And the moment the dentist saw the jaw, he knew exactly what he was looking at … and he said: “Dr. Parkman is gone -- we shall see him no more.” .[40] [41] Tears fell down his face, and some people in the crowd broke down crying…  

And you see, the dentist could identify Mr Parkman's jaw because it was so odd-looking.

WZ this is what we've come for. oooh  [gasp] we are currently looking at the casts that the dentist made of Mr Parkman’s jaw.

I got to see the cast of Parkman's jaw, with senior producer Rose Rimler – because it's still kept in the archives at Harvard.
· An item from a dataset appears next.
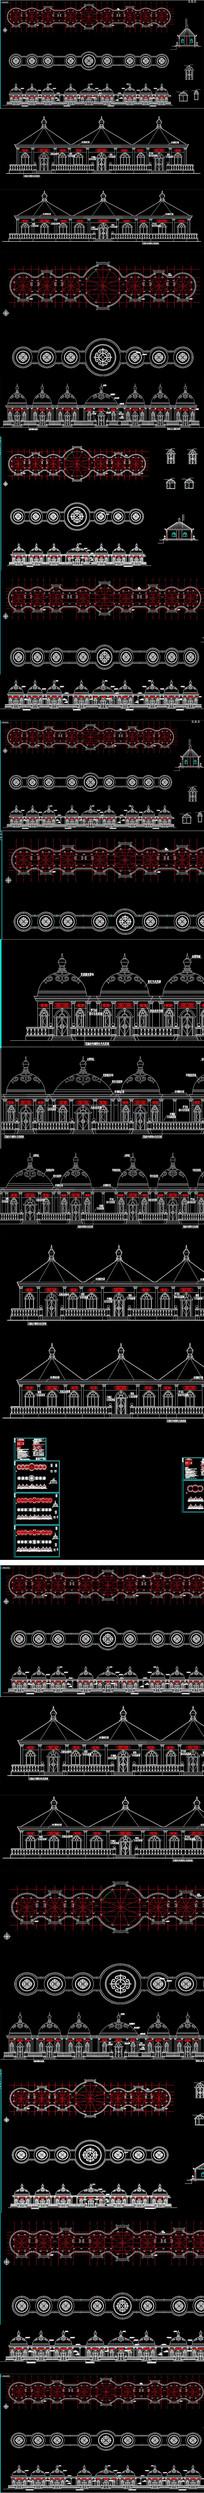 砖混结构蒙古包饭店建筑施工

WZ this became this critical piece of evidence to say that body in the lab… that must have been mr parkman because he had this weird jaw

RR: It is kind of … protuberant.

But it wasn’t just the jaw that was so protuberant[42] We got to see a cast of his dentures aswell... which were even weirder!! because parkman only had a few teeth left… So his dentist made him dentures that fit around them[43]..

WZ This is such a specific cast. You would absolutely able to identify someone based on this

RR Yeah... there’s three clustered on one side and one on another side … you just have this scraggly remains of teeth that would be pretty … totally like a fingerprint, almost

You might think that this would have clinched the case… but at the time, introducing this kind of evidence was a total gamble… it was the first time dental evidence was introduced into a murder trial in America … And just the idea of identifying a whole person based on pieces of a body ... was all pretty new and untested science.[44] On top of all that, the defense team had their own dental  expert. Here’s Paul again.

PC The defence bring in another dentist and says, could you look at a tooth or at a piece of jaw, or a bit of denture… And actually identify who it came from? And the guy is like NO[45]… So there is almost this battle of the dentists [46] that happens in the courtroom.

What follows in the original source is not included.